* About this exercise
What you return must match the listing below line for line, minus its pictures.

* Material provided
· · · · · · ·
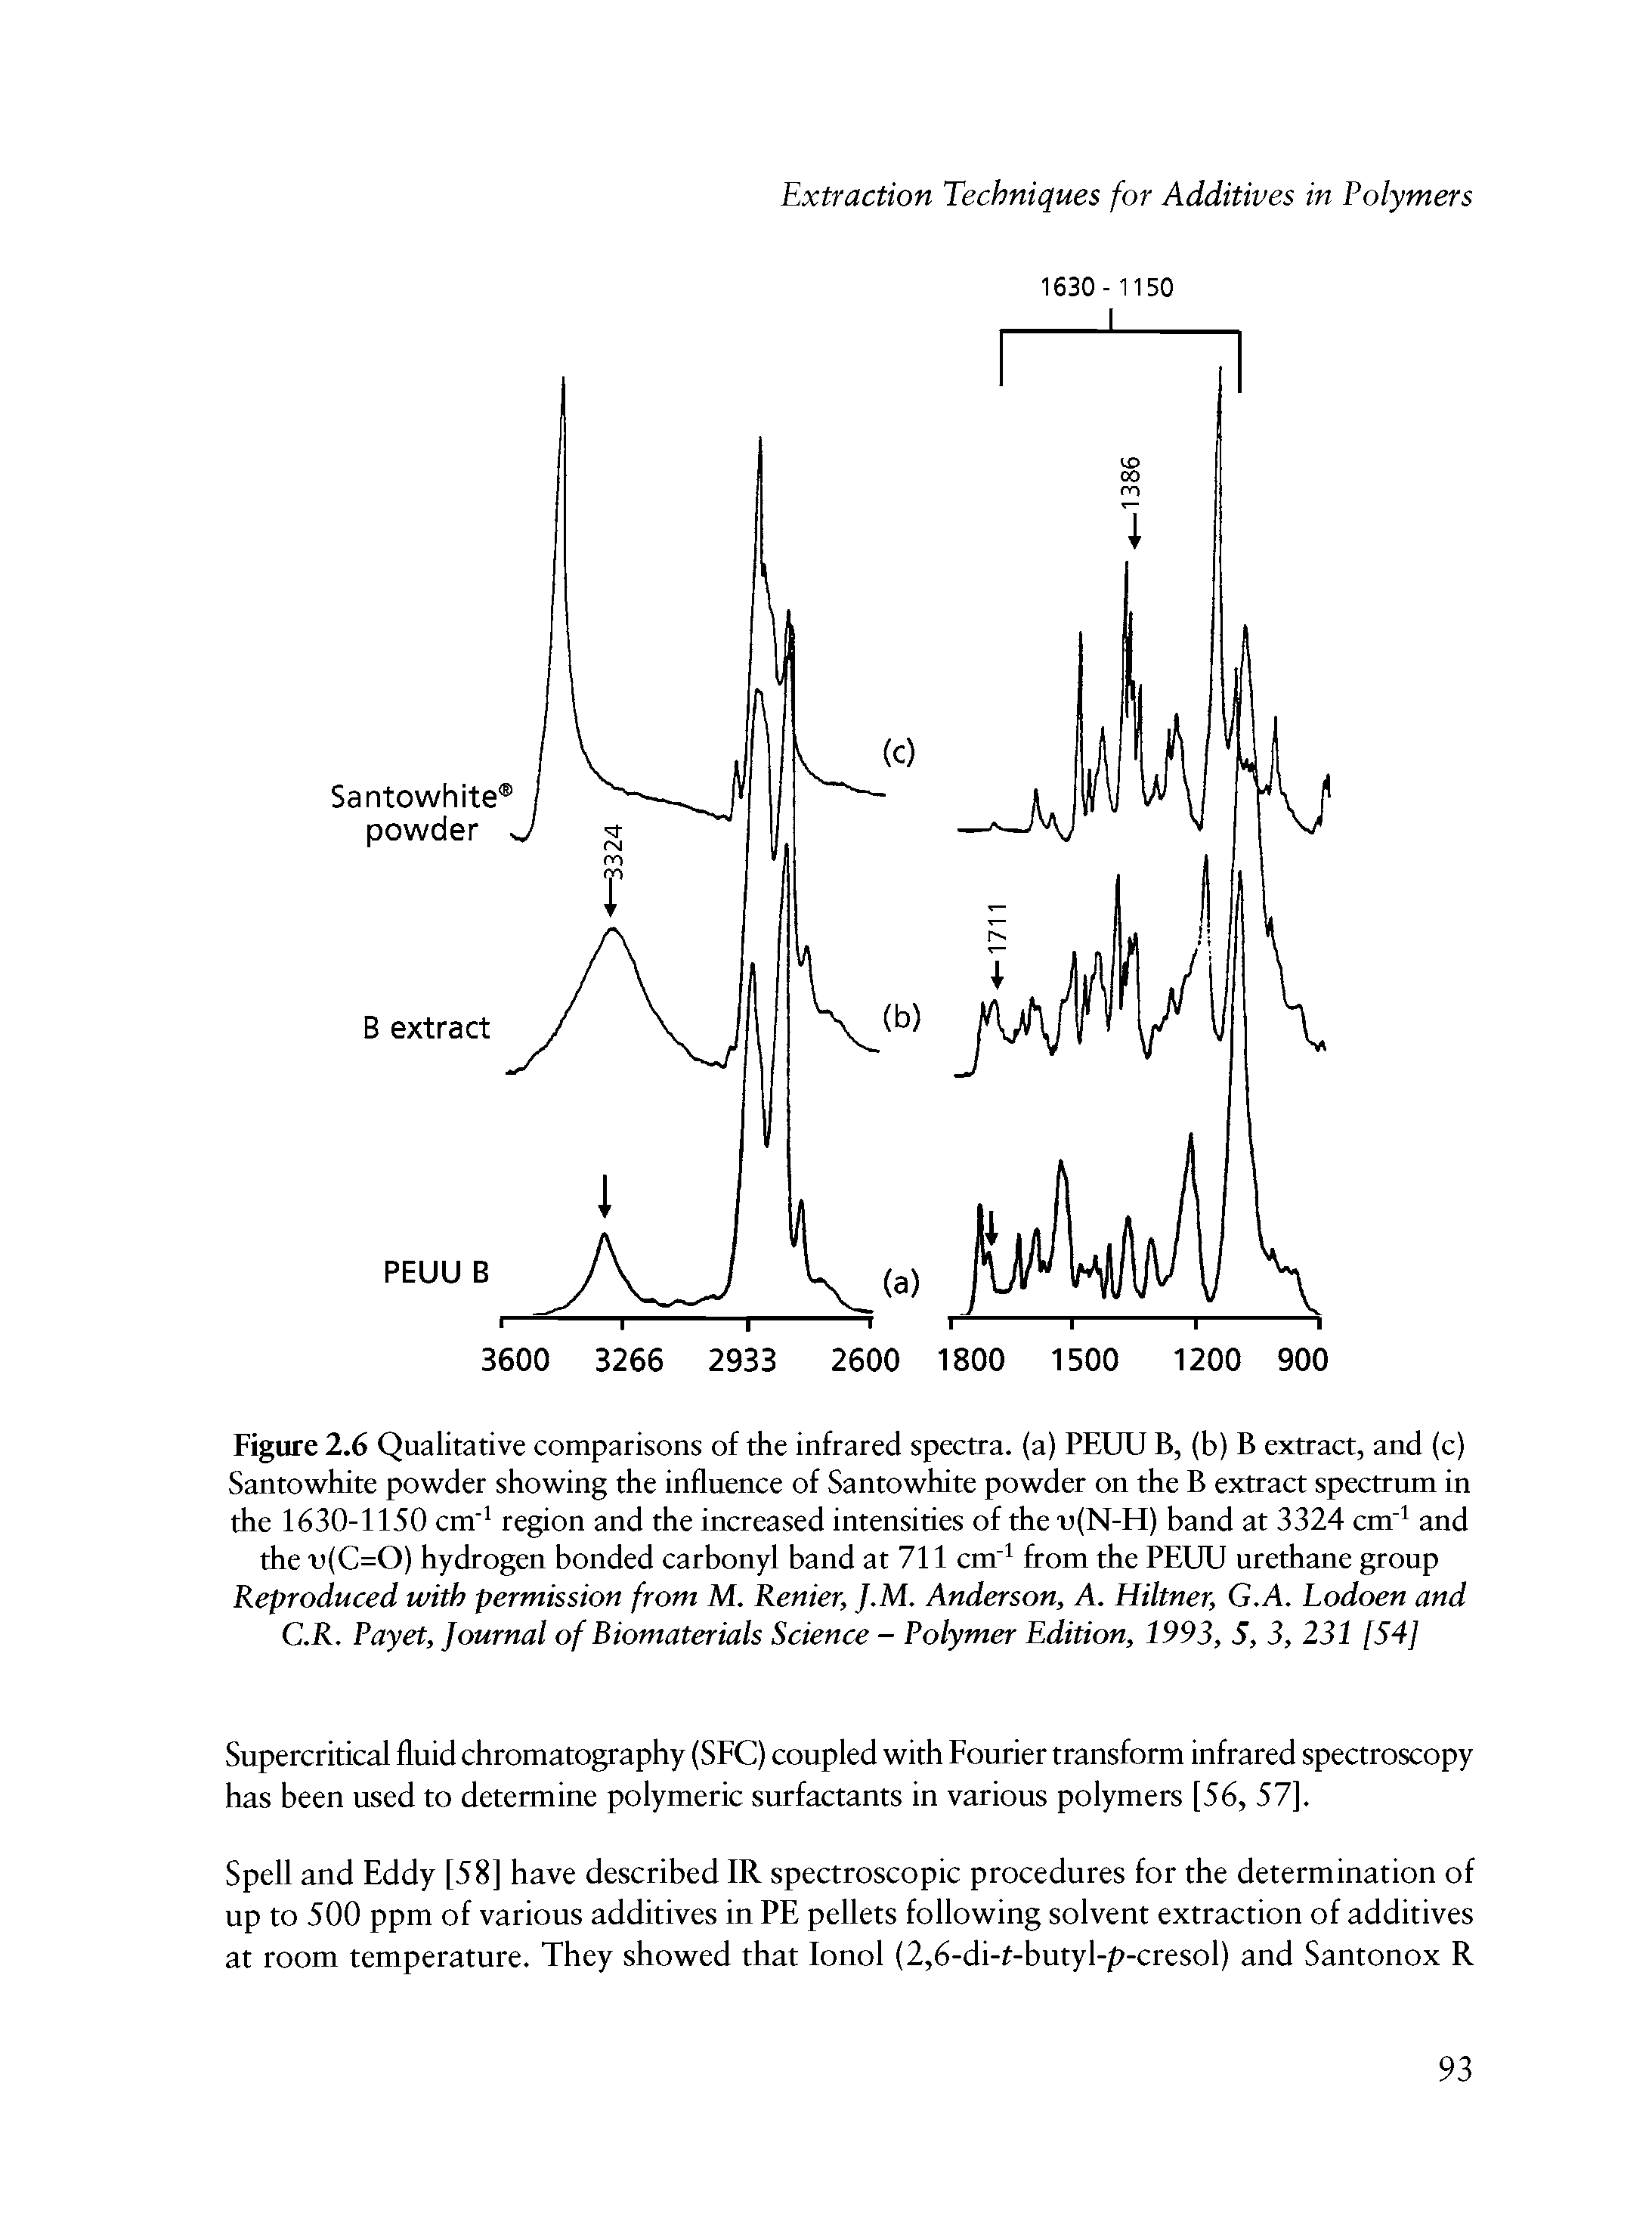 Figure 2.6 Qualitative comparisons of the infrared spectra, (a) PEUU B, (b) B extract, and (c) Santowhite powder showing the influence of Santowhite powder on the B extract spectrum in the 1630-1150 cm region and the increased intensities of the olN-H) band at 3324 cm and the u(C=0) hydrogen bonded carbonyl band at 711 cm from the PEUU urethane group Reproduced with permission from M. Renier, J.M. Anderson, A. Hiltner, G.A. Lodoen and C.R. Payet, Journal of Biomaterials Science - Polymer Edition, 1993, 5, 3, 231 [54]...
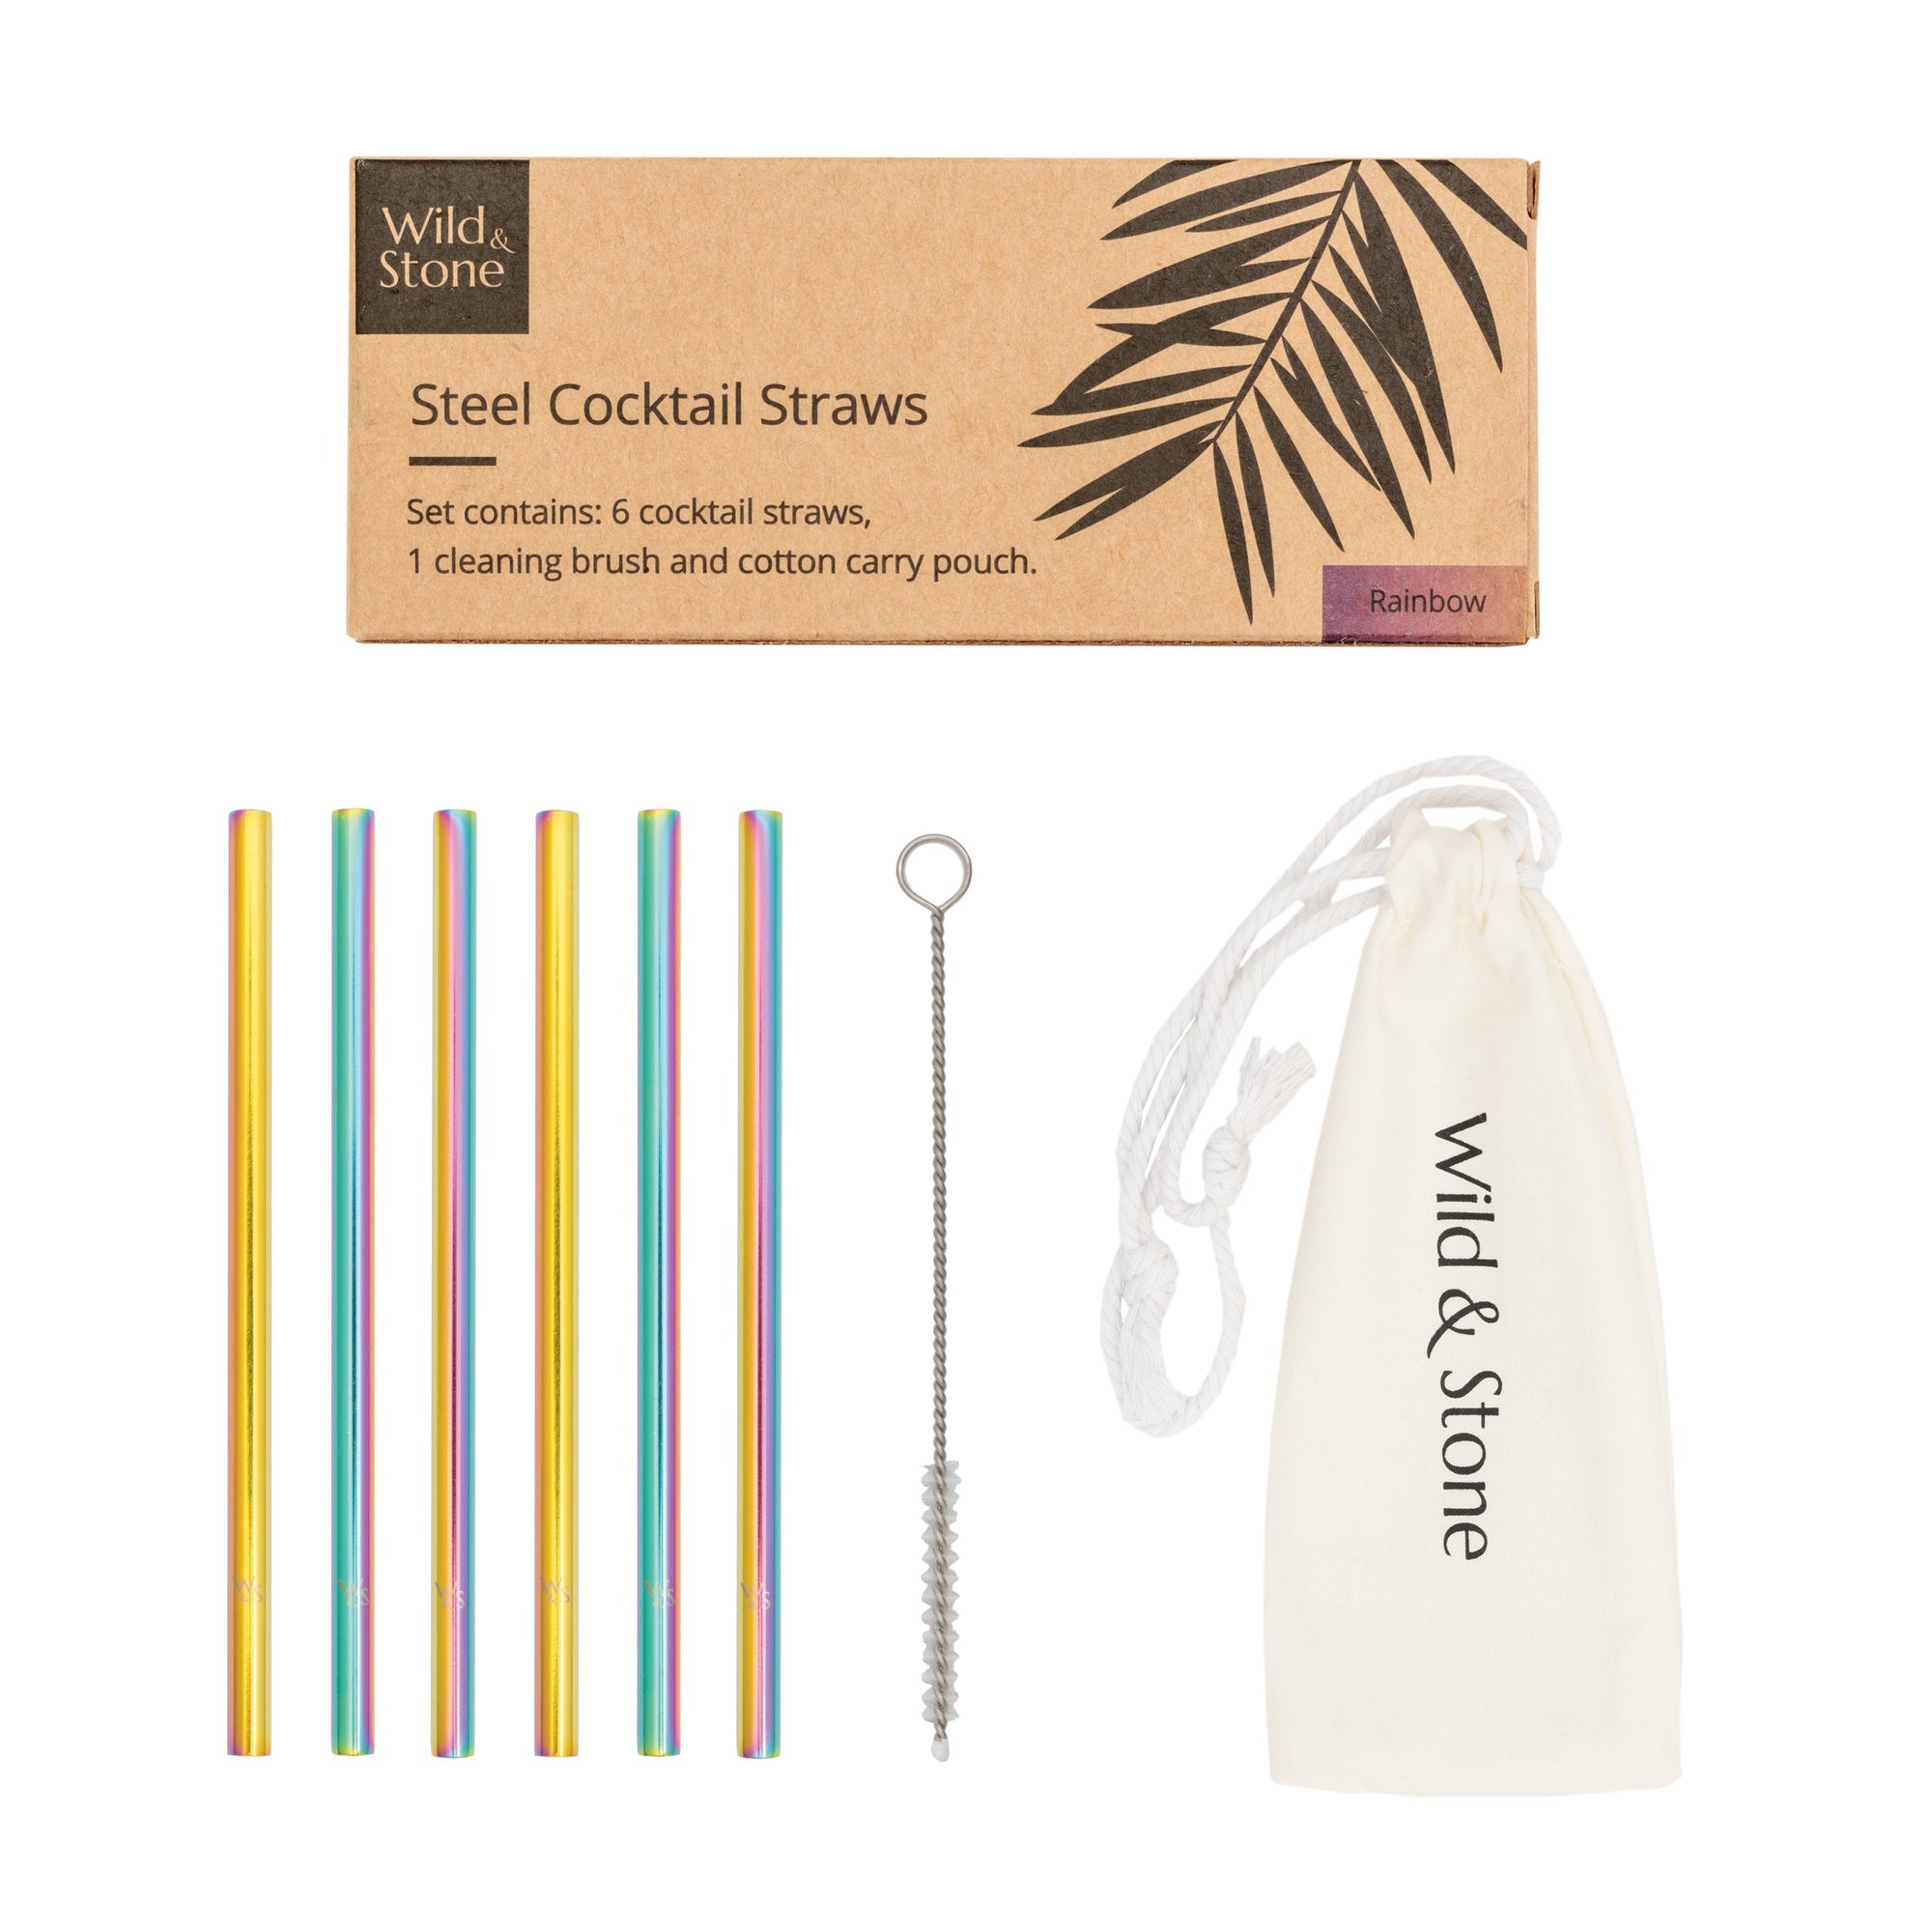 Tall Metal Straw Pack - Crazy Uncle Mikes
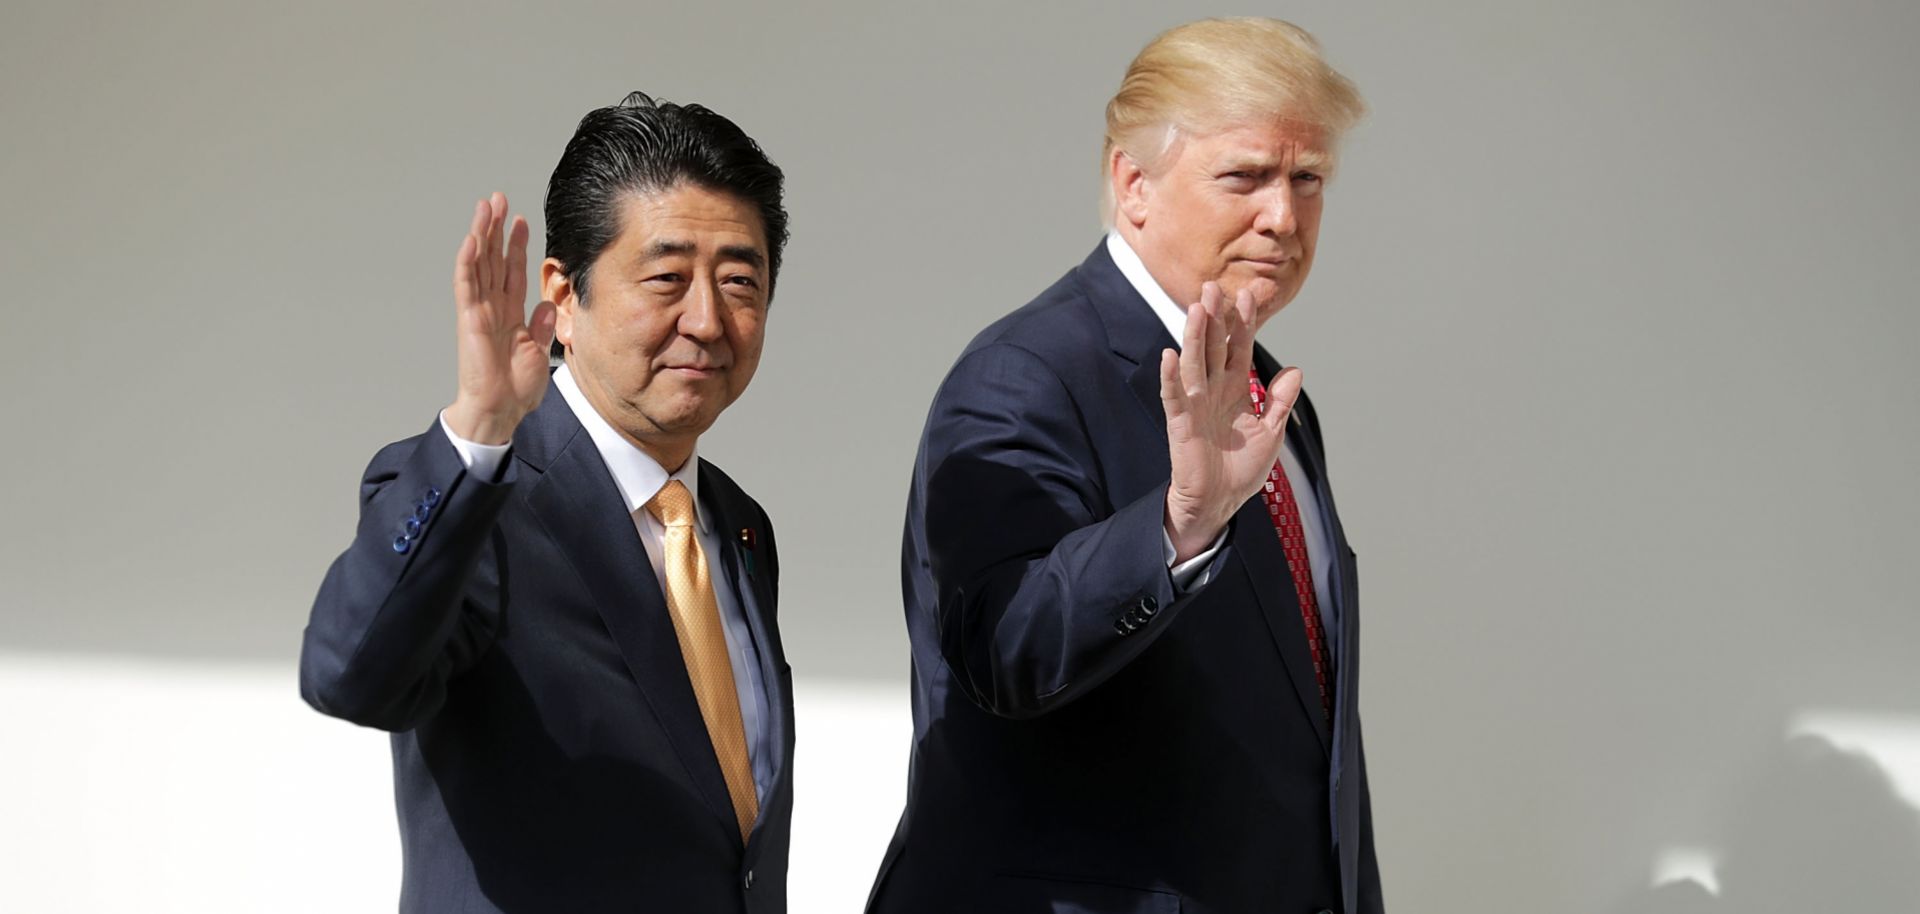 U.S. President Donald Trump and Japanese Prime Minister Shinzo Abe during Abe's Feb. 10, 2017, visit to the White House.
· · · · · · ·
* Response area
 Figure 2.6 Qualitative comparisons of the infrared spectra, (a) PEUU B, (b) B extract, and (c) Santowhite powder showing the influence of Santowhite powder on the B extract spectrum in the 1630-1150 cm region and the increased intensities of the olN-H) band at 3324 cm and the u(C=0) hydrogen bonded carbonyl band at 711 cm from the PEUU urethane group Reproduced with permission from M. Renier, J.M. Anderson, A. Hiltner, G.A. Lodoen and C.R. Payet, Journal of Biomaterials Science - Polymer Edition, 1993, 5, 3, 231 [54]...
 Tall Metal Straw Pack - Crazy Uncle Mikes
 U.S. President Donald Trump and Japanese Prime Minister Shinzo Abe during Abe's Feb. 10, 2017, visit to the White House.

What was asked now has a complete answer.